DETAILED DESCRIPTION OF THE INVENTION

[0001]

The present invention relates to a semiconductor device,
In particular, it is suitable for application to a power semiconductor module.

[0002]

2. Description of the Related Art Semiconductor modules have become widespread in motor controls such as inverters, AC servos, and air conditioners, and in various power supplies such as automobiles and welding machines.

[0003] As this semiconductor module, various types of external modules are prepared corresponding to the rated current of a controller for controlling the motor and various power supply devices.

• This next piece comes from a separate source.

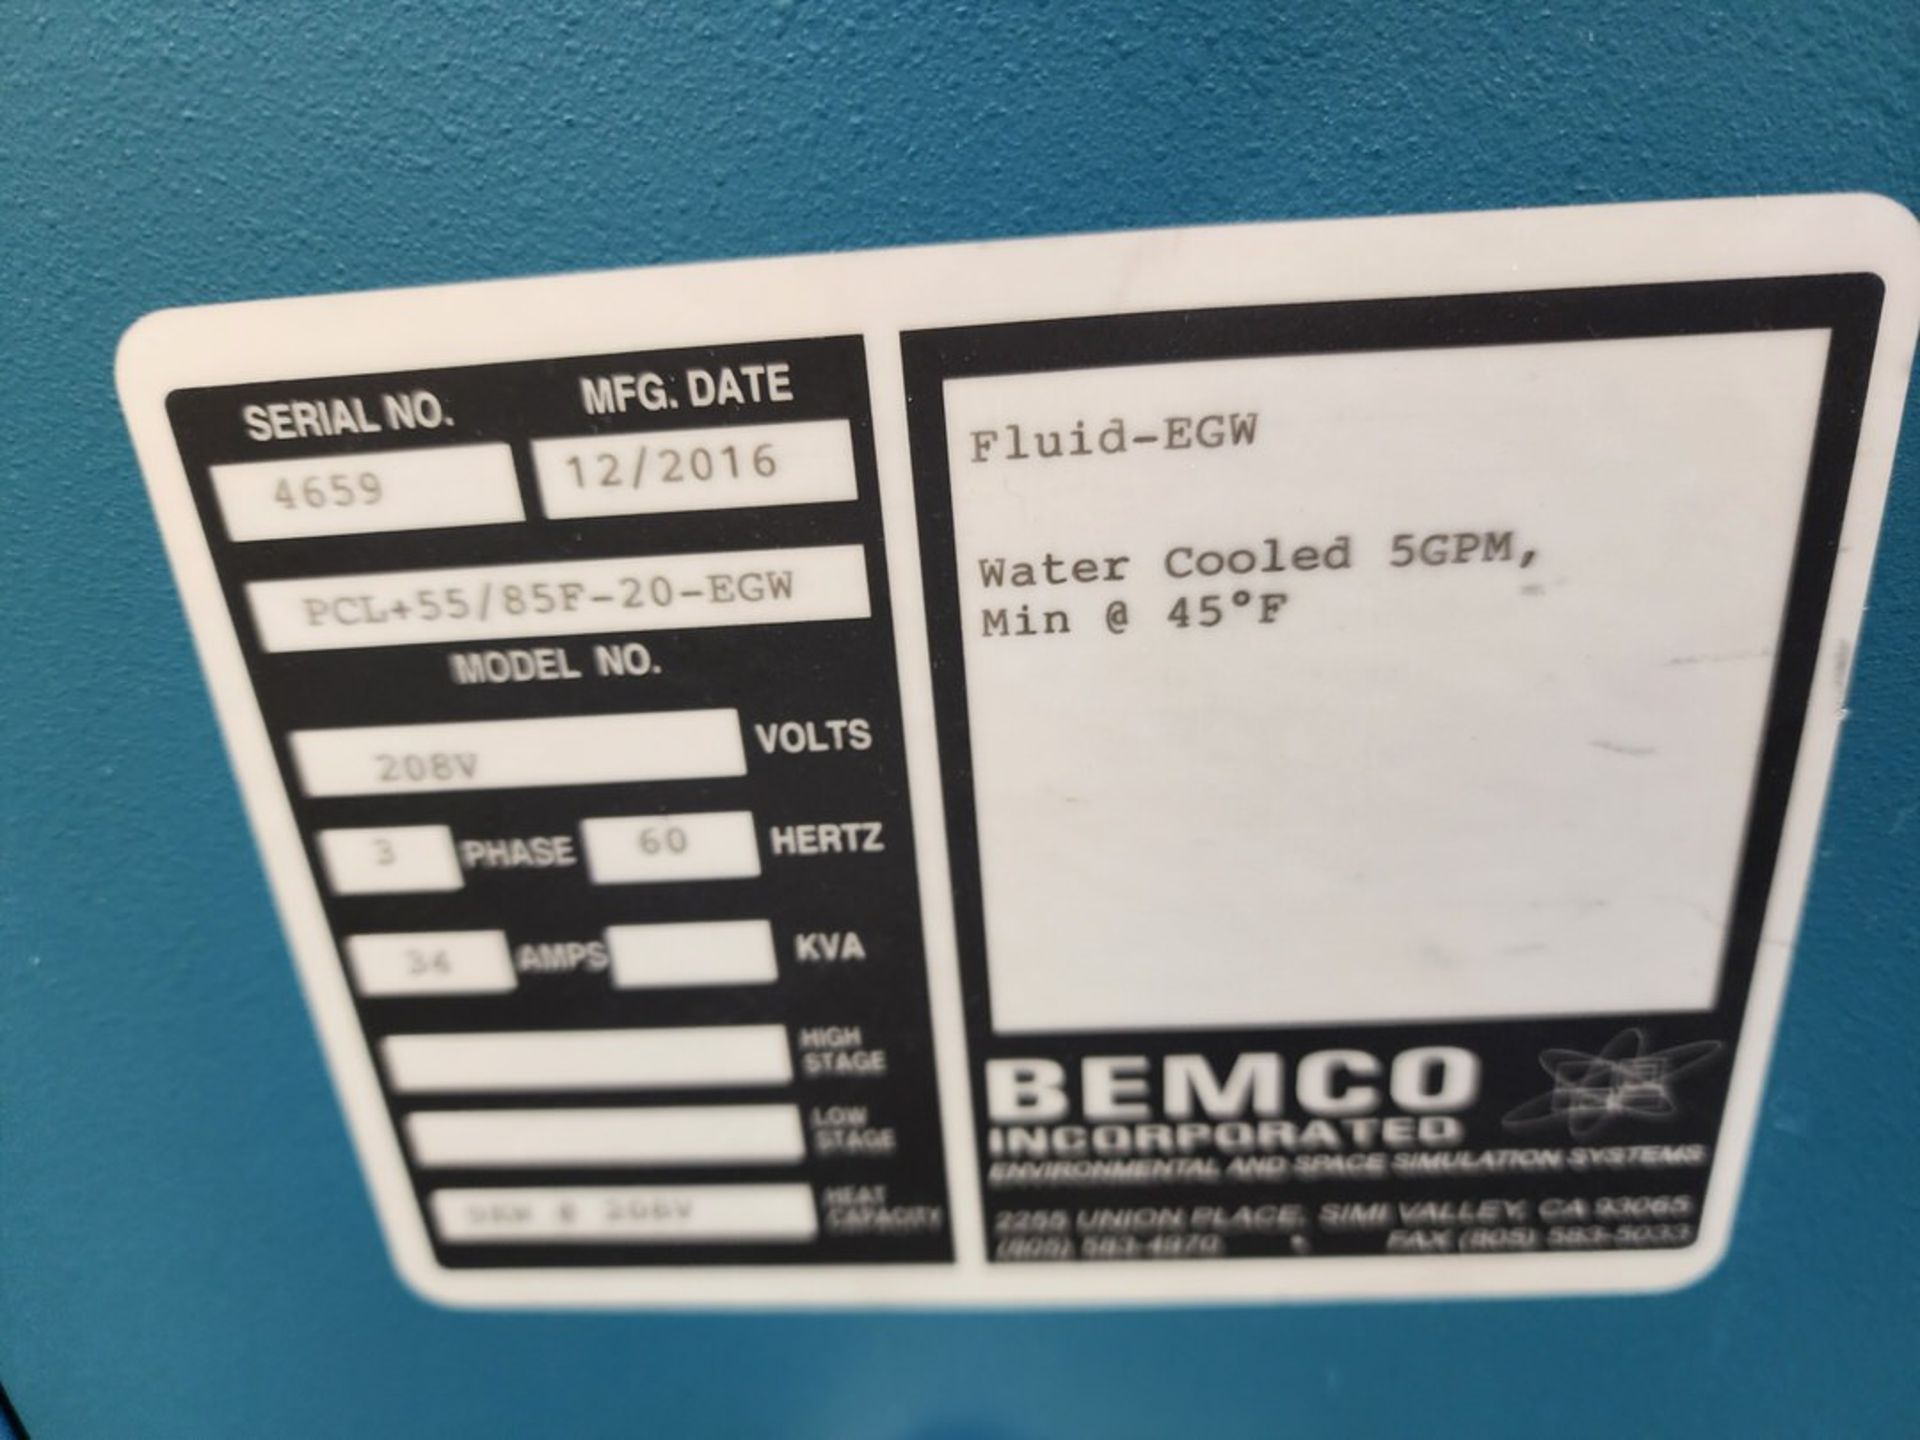 2016 Bemco Chiller 208V, 3PH, 60hZ, 41A - Image 6 of 6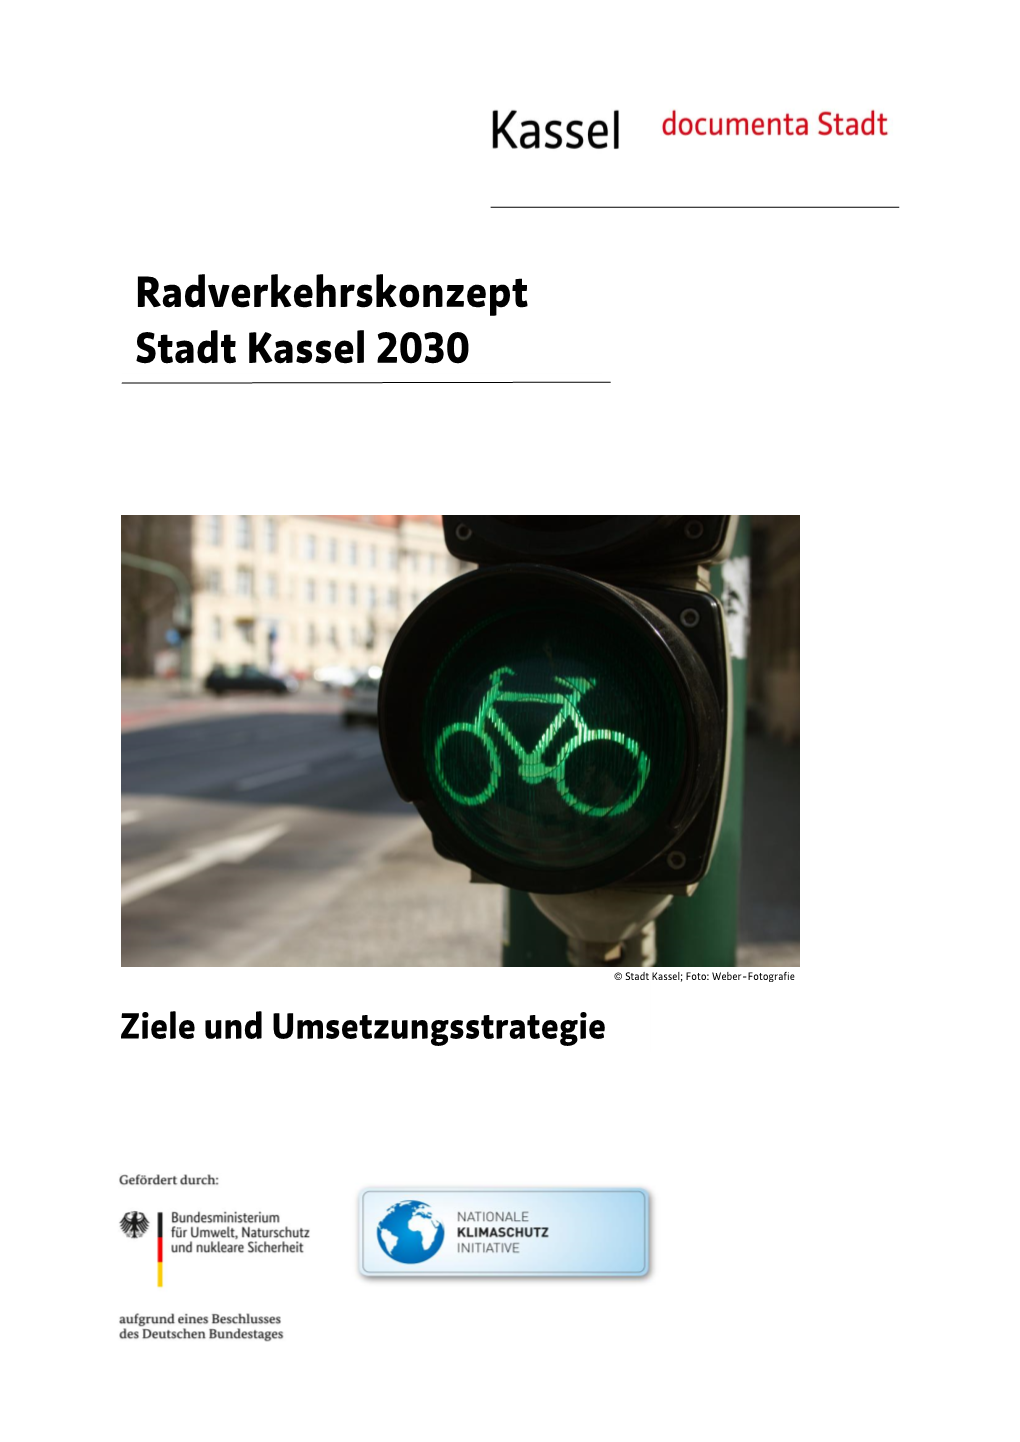 Radverkehrskonzept Stadt Kassel 2030 – Ziele Und Umsetzungsstrategie

FIG. 4 is a diagram showing a configuration of a conventional semiconductor module. In FIG. 4, the base plate 21 is provided with mounting holes 22a to 22d, as well as drive terminals 23a and 23b and large current terminals 24 and 25. This semiconductor module has a mounting hole 22
It is fixed to a controller or various power supply devices by being screwed through a to 22d and used.

[0005]

However, since the conventional semiconductor module has a different outer shape for each current rating, if the current rating of the controller or various power supplies is different, the controller is required to correspond to the outer shape of the semiconductor module. There is a problem that it is necessary to change the configuration of the power supply and various power supply devices.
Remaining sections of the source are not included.